Tattoo Girl also had tribal tattoos inked in rings around her right upper arm and left calf. Jayne became mesmerized by the one on her calf as they walked the mile to the back of the building. She wondered if that tattoo had hurt the most. Or how Tattoo Girl would hide it once she got a real job and was a slave to pantyhose and skirts.
Also, what kind of parent would let their seventeen-, eighteen-year-old kid get a tattoo? If Jayne ever got a tattoo, her mom would hurt her more than any needle would.
At the back of the building, they stopped at an office with a window that let everyone look inside and whoever was inside keep an eye on the outside. A brunette in her thirties was talking on the phone while she painted her big toenail a chromelike blue. She wiped at the corner of a toe with her thumb. Jayne wondered what she was going to do with the paint smear that was now on her skin. She got her answer when the woman wiped it under her desk.
“I’m definitely on the same page you are, Ken. Remember, we wrote the book together. But I have to stand firm on this. As a nonprofit, I have to watch our pennies. And everything for that night has already been paid for. Nonrefundable paid.”
She tilted her head to the side, saw the girls in the doorway, and motioned them in. Tattoo Girl made herself comfortable on the tapestry love seat and picked up a crumpled magazine. Since she took up the entire length of the sofa, Jayne had no other option than to maneuver herself awkwardly onto a denim beanbag in the corner.
“Great, Ken. I knew we could come to a solution together. Yeah, send me an e-mail confirming everything. Bye.” She hung up and screwed down the cap of the nail polish. “Ryan, remind me again why I do this job?”
“Because the pay keeps you in that bling bling you like so much.” The girl on the couch didn’t look up from her News-week .
“Oh, yeah. Thanks for the reality check.” The woman turned to Jayne and scooted forward on the wheeled chair with the heels of her feet. Feet that were bare and had black soles from what looked to be the less-than-clean industrial carpet. “You must be Jayne. I’m Maria.”

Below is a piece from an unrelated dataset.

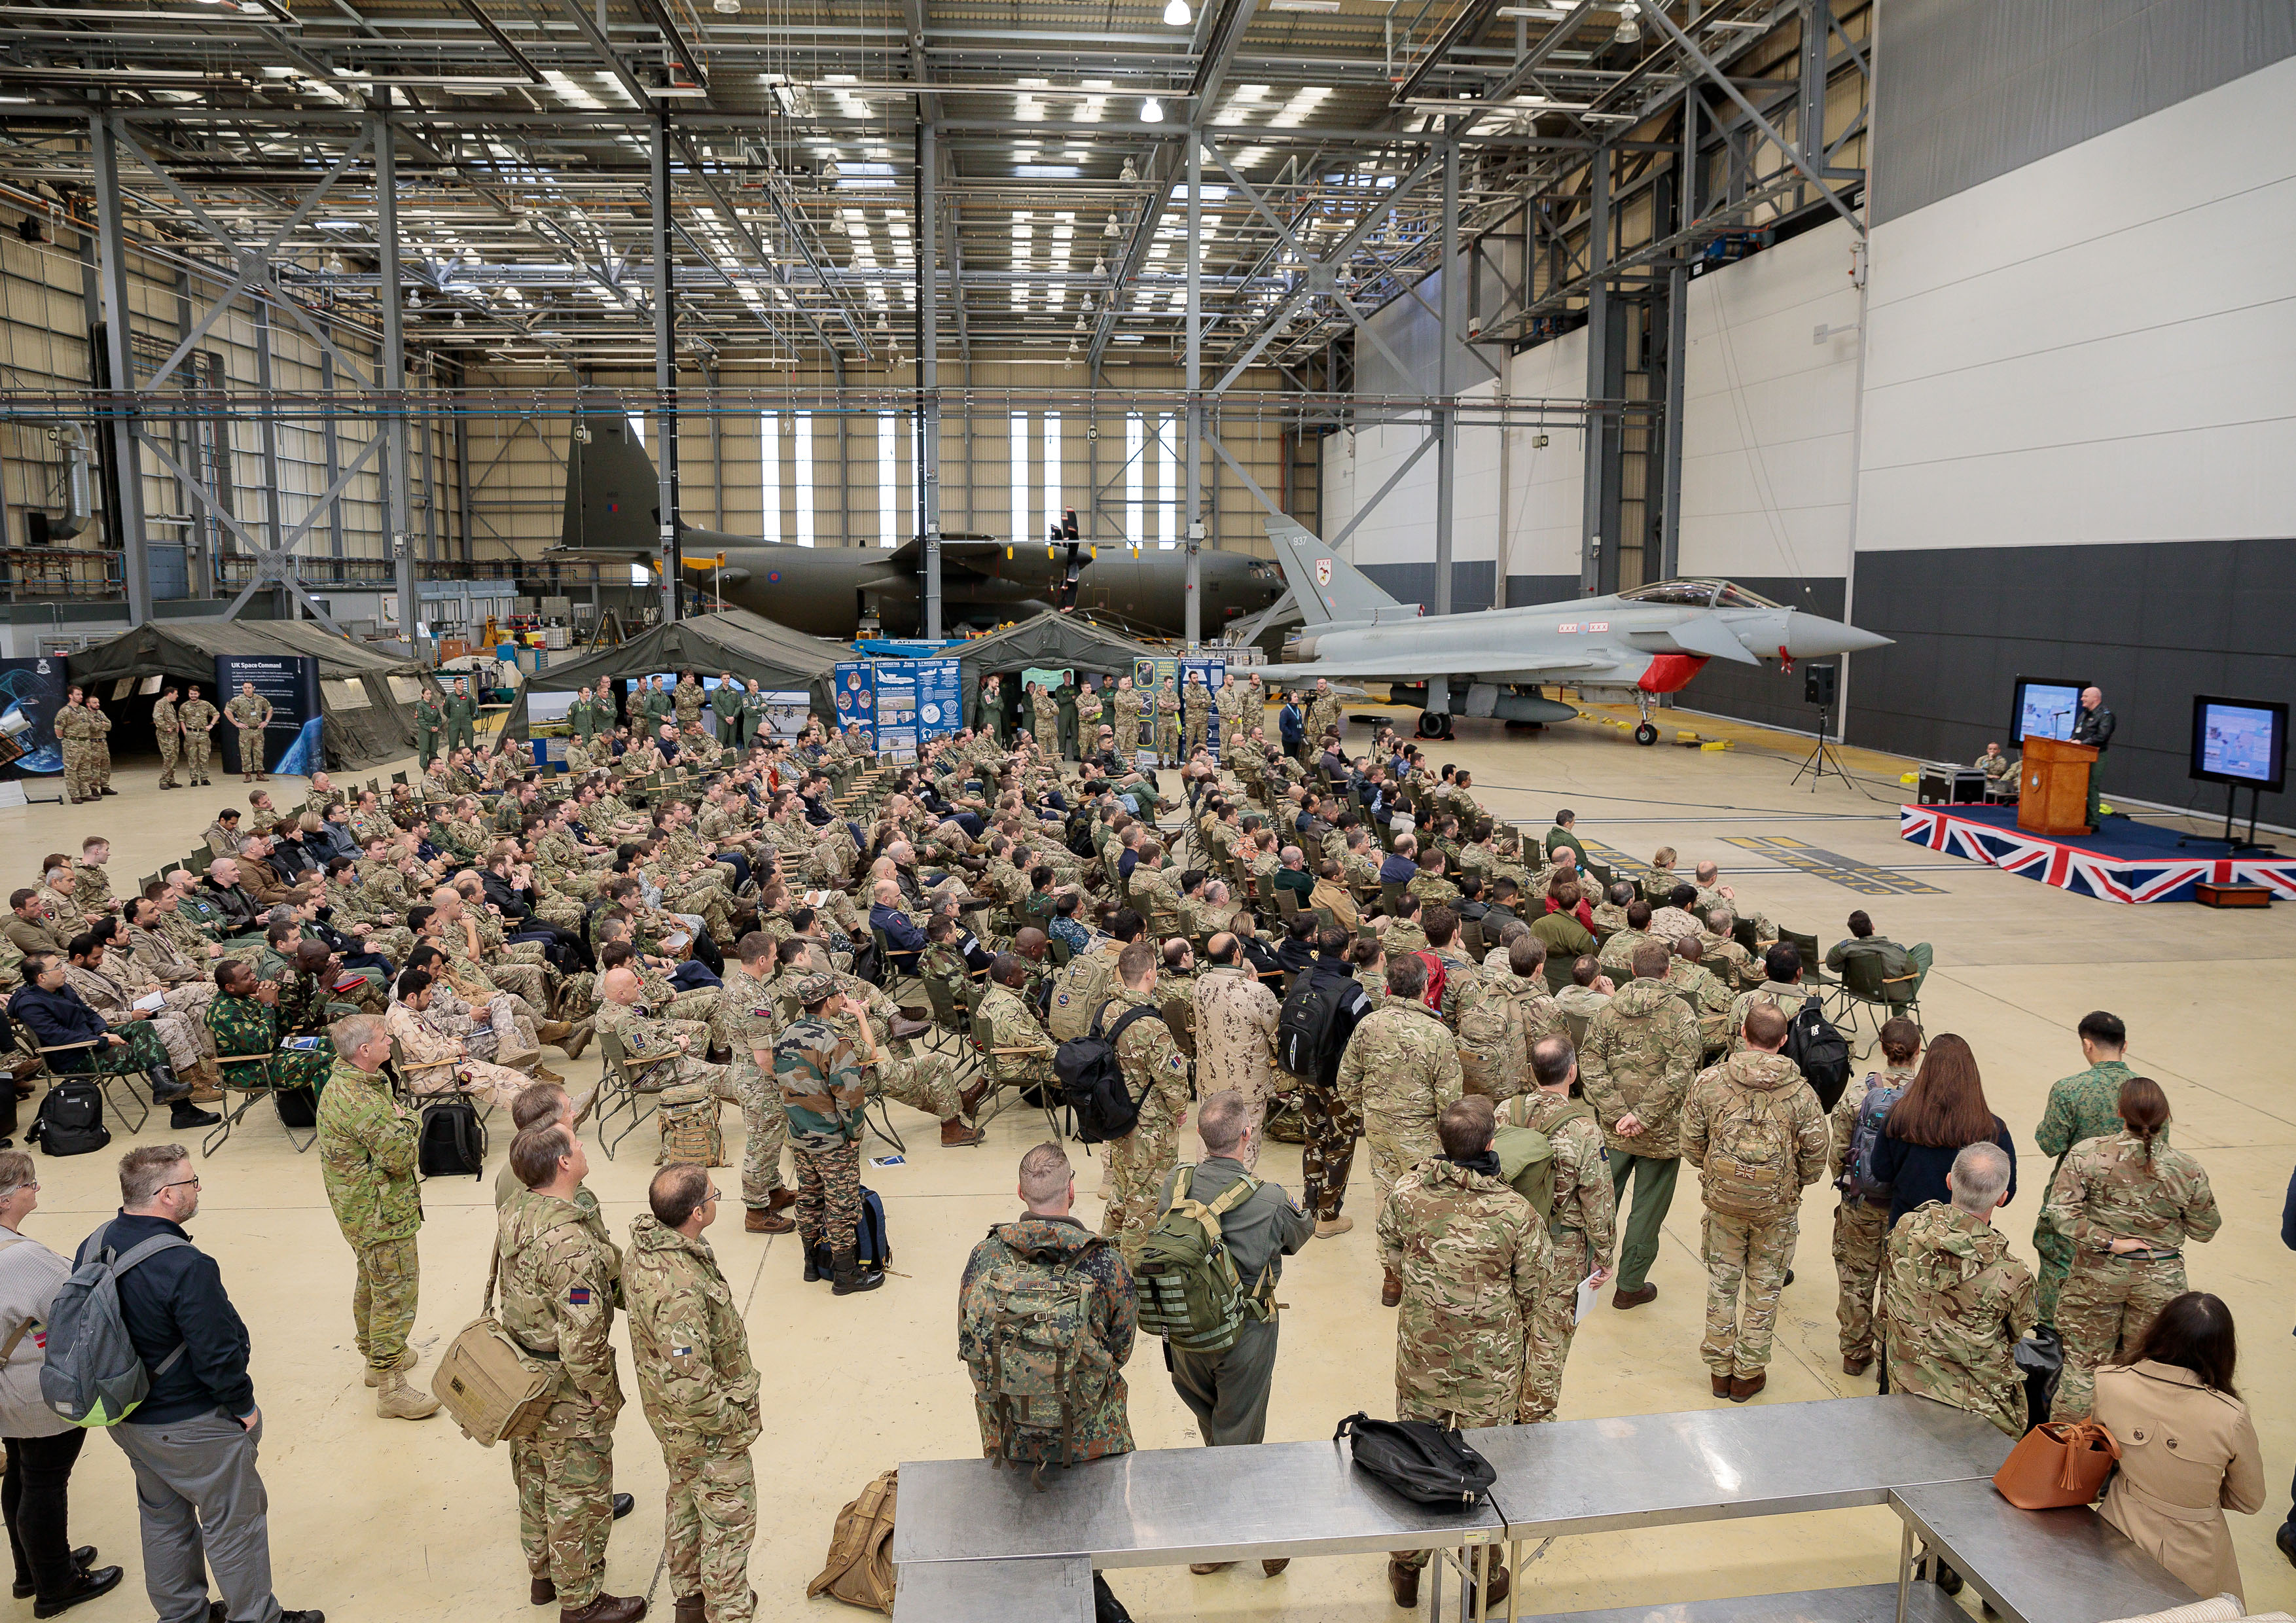 Image shows RAF aviators inside a hangar with stationary aircraft.

Jayne pushed herself up to shake her extended hand. She let go when her stomach muscles couldn’t hold her in the weird scrunched-over position any longer.
“I hear we have you for a year. Is that right?”
Jayne nodded numbly. A year. It sounded so permanent.
“Great. Ryan, show her where to put her bag and where the lunchroom and bathrooms are. Then bring her back to me and we’ll get you up to speed on your daily duties, okay?” Maria’s brown eyes crinkled at the corners as she directed this last part at Jayne. She picked up the nail polish. “Plus, that should give me enough time to do the other foot.”
Ryan showed Jayne the lockers where she could lock up her stuff. Rather, she half-lifted an arm in the direction of the lockers and sighed, “Your crap goes there.”
Jayne pulled out a sweatshirt before she put the bag in the locker and turned the key. “Is it always this cold in here?”
“Right as rain, princess.”
Princess? She didn’t deserve that. She had on Old Navy jeans. Rhinestone flip-flops. A gold Bulova watch.
“I’m not a princess.” Hearing herself say the words, even she wasn’t convinced.
“Is Harvard paying for itself, then?”
Jayne looked down again. She was holding a crimson sweatshirt, the Harvard crest in full view. She didn’t know why she’d brought it. She didn’t really want to think about it.
“This was a gift.” From her mother, with the words “Make me proud” attached. “It doesn’t mean anything.”
Her voice cracked saying the words.
Ryan raised an eyebrow. The unpierced one. The smaller girl didn’t say anything else as she finished up the tour filled with lots of pointing. Point left: break room. Point in two of the four corners of the building: restrooms. There were about twenty people filling up half of the cubicles, most in their late teens.
“Is Maria the only adult here?” Jayne stared at the back of her guide. Her skirt looked like it was Goodwill and had a tear running almost to her butt. It worked, though. It went with her black Doc Martens, black tights, and spiked dog collar.
Ryan let out something that sounded like a snort. “Define ‘adult.’”
“Can legally drink. Has a lower insurance rate than the rest of us.”
“Within the confines of those definitions, yeah, sure.”
“Hey sunshine!” A guy with a “Saguaro High Basketball” shirt sat on one of the chairs in the sitting area Jayne had passed earlier. A girl with a short blonde shag sat next to him crunching through a bag of Doritos.
“I’m not in the mood, dipwad.” Ryan stopped. “I assume you went out of the way to say hi because you’re wanting me to introduce our new meat?”
Ryan kicked the boy’s legs out of the way and started picking up some empty soda cans littering the coffee tables. “Darian Green. Meadow Haraway. This is . . . what’s your name again, princess?”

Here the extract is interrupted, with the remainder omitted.